VML elements are styled by creating CSS-like styles in a namespace. OpenLayers creates an ol: namespace and then creates styles like ol:line ol:circle, etc.
To do this, it has to access document.namespaces. Document.namespaces is not always around: notably, you can't depend on it being around before document.ready.
But, sometimes document.namespaces *is* around before document.ready and that's the thing that messed up my worldview. So, the theory was, there are modes. Something in HTML can prevent document.namespaces being filled in before document.ready.
Here's how it goes.
$( or $(document).ready()
- If there is a broken image on the page, then namespaces is not filled in.
- If the page has no broken images, then document.namespaces is accessible
- document.namespaces is always filled in.
IE cannot handle more than 31 stylesheets on a page at a time.

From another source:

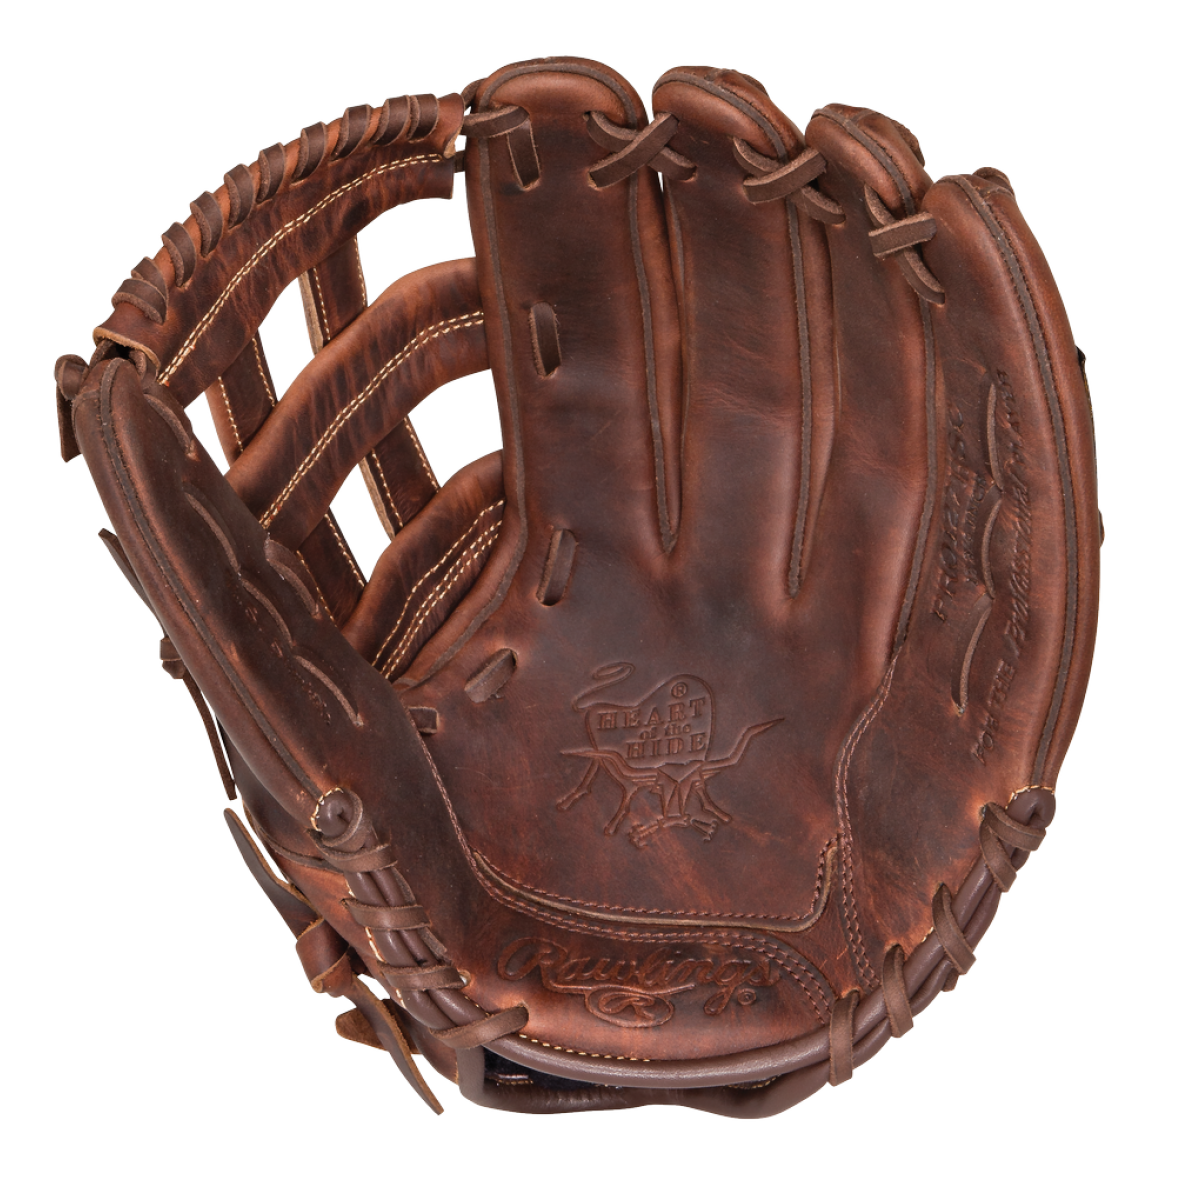 free-baseball-glove-download-free-baseball-glove-png-images-free-cliparts-on-clipart-library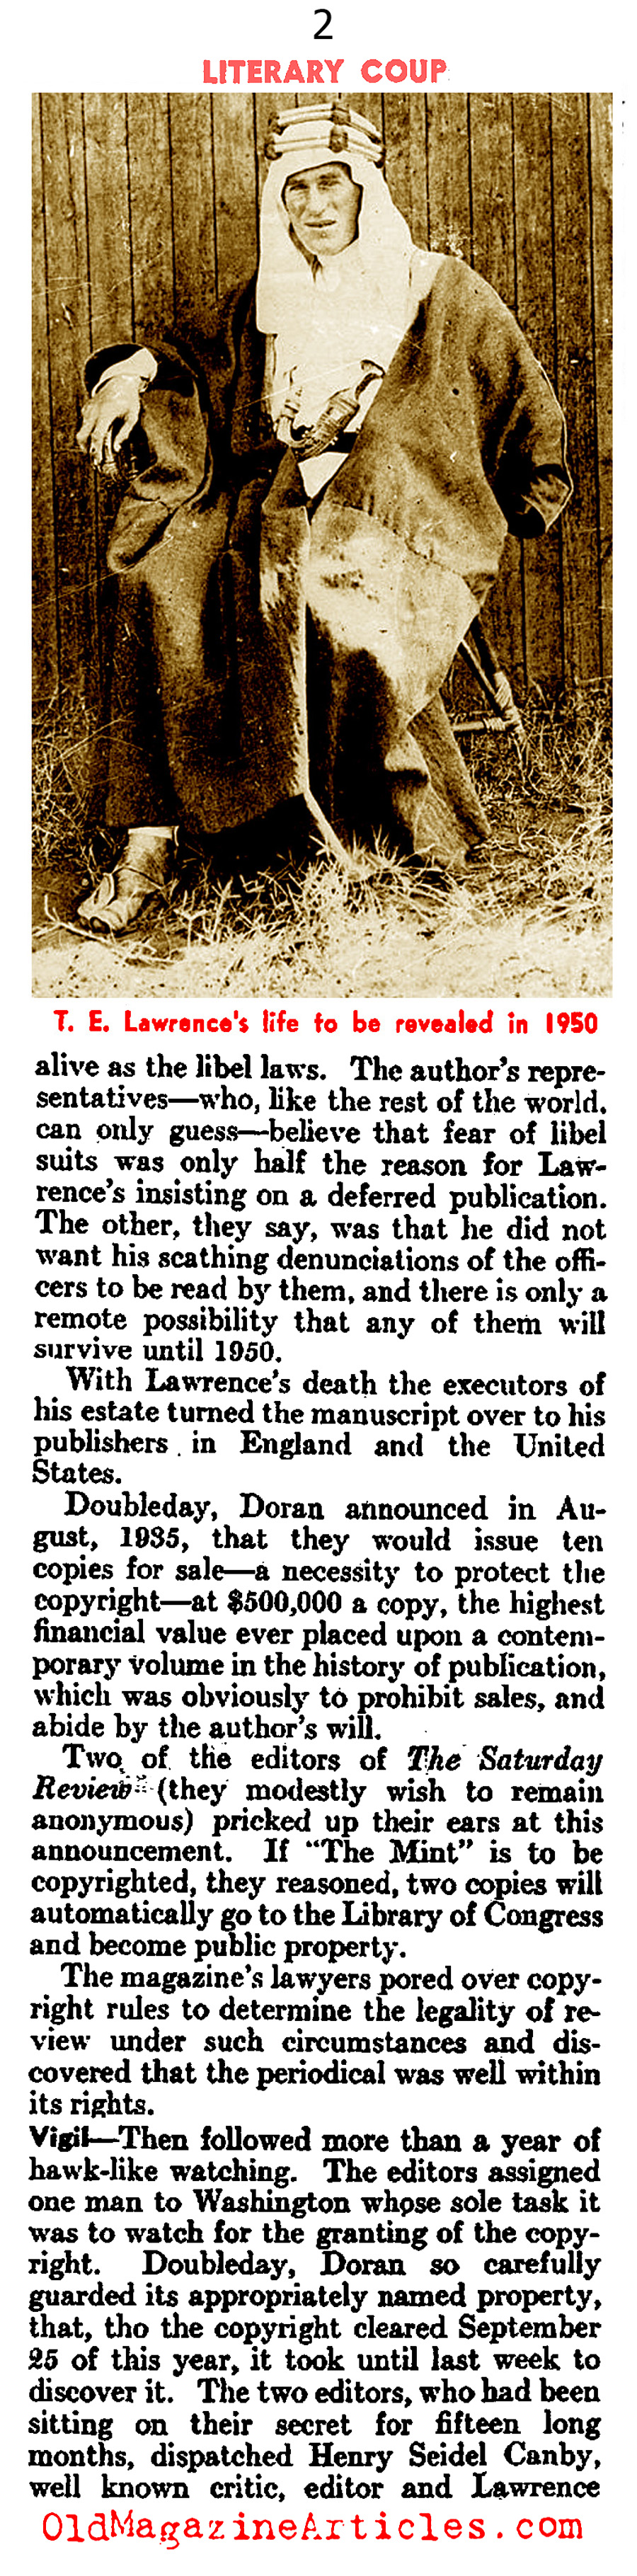 T.E. Lawrence and the Literary Coup of 1935 (Literary Digest, 1935)

This is clearly the
devil's work, but it persists beyond IE8. If there are 31 stylesheets and you run an
OpenLayers map, it cannot add another stylesheet to initialize its VML namespace.
Therefore, the map breaks. You must aggregate your CSS.
We can't move openlayers to document.load() because it is dependent on the Drupal behaviors stack, that runs on document.ready(). We need to just define document.namespaces before OpenLayers asks its VML renderer whether the current browser is capable of rendering VML (a task it tries to complete by calling !!(document.namespaces))
Adding a tag
<meta http-equiv="X-UA-Compatible" content="IE=EmulateIE7" /> will allow IE8 to render vectors if it doesn't render them correctly on a normal pageload. Note that this must be the first element inside the header tag.